TASK OBJECTIVE -> Copy exactly, and copy nothing else: the line that contains "I&rsquo;ll reme" and all lines after it in the listing, without pictures.

MATERIAL PROVIDED ->
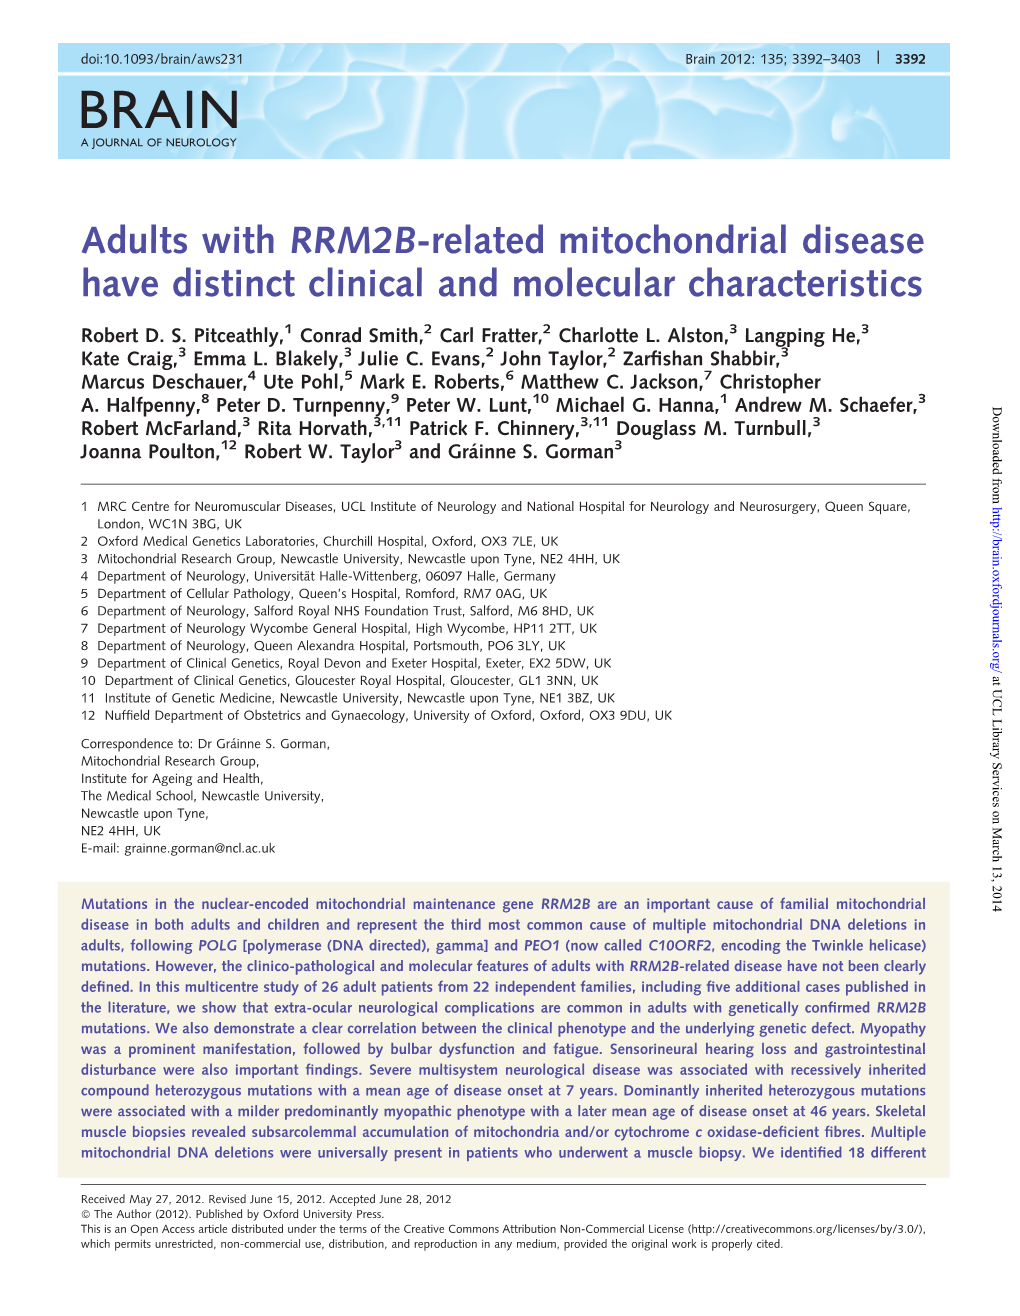 Adults with RRM2B-Related Mitochondrial Disease Have Distinct Clinical and Molecular Characteristics
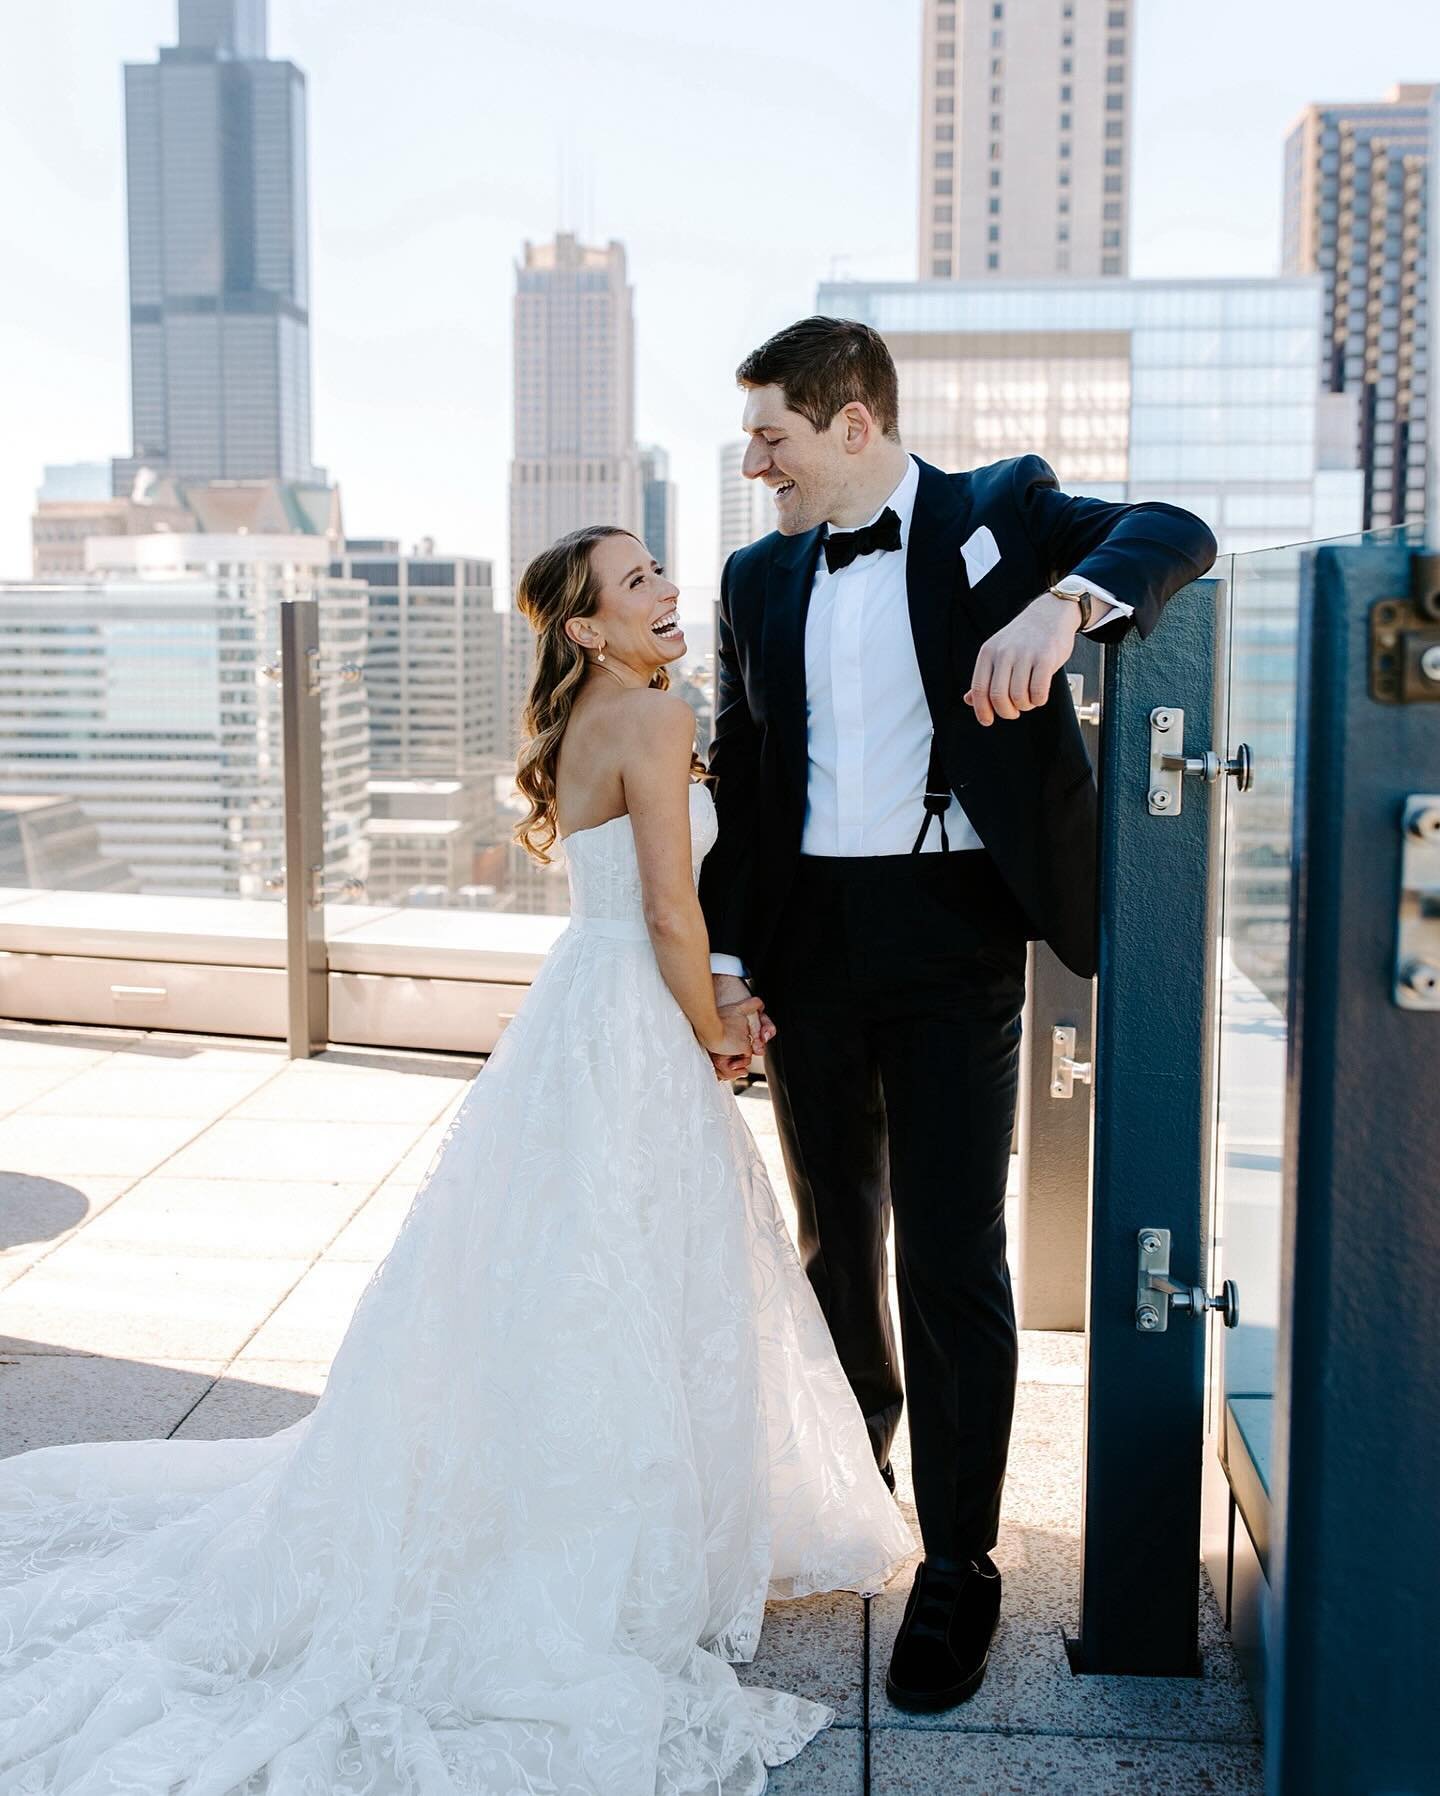 Moments from Haley + Danny&rsquo;s magical day in the city last weekend!!!🤍🏙️ these two are some of the kindest people, they love each other + their people hard, and their smiles will truly light up the world forever and a day!!!! 

I&rsquo;ll reme
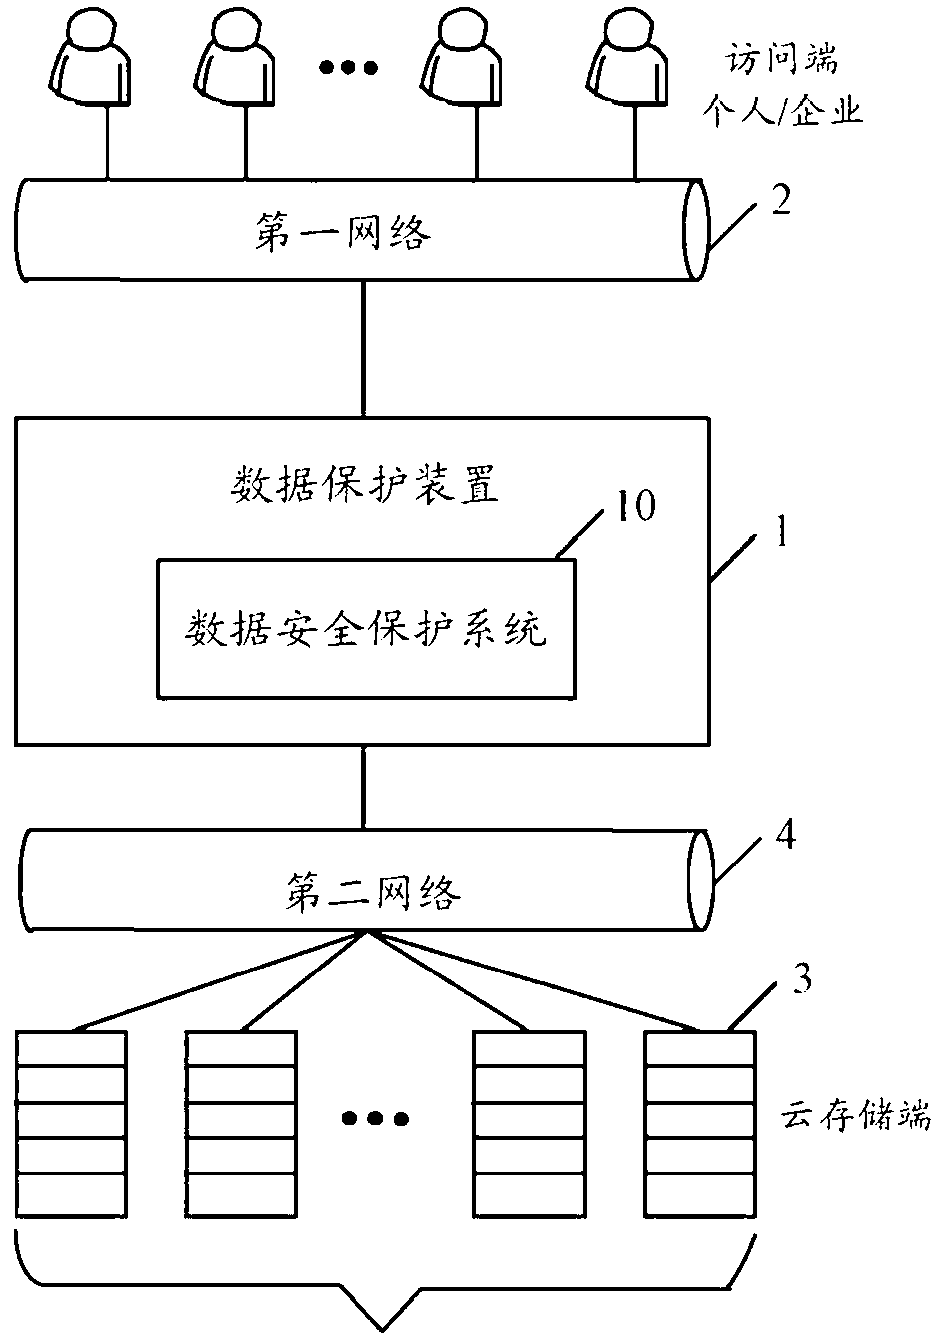 Cloud storage-based data security protection system and method

OUTPUT BELOW ->
I&rsquo;ll reme
 Cloud storage-based data security protection system and method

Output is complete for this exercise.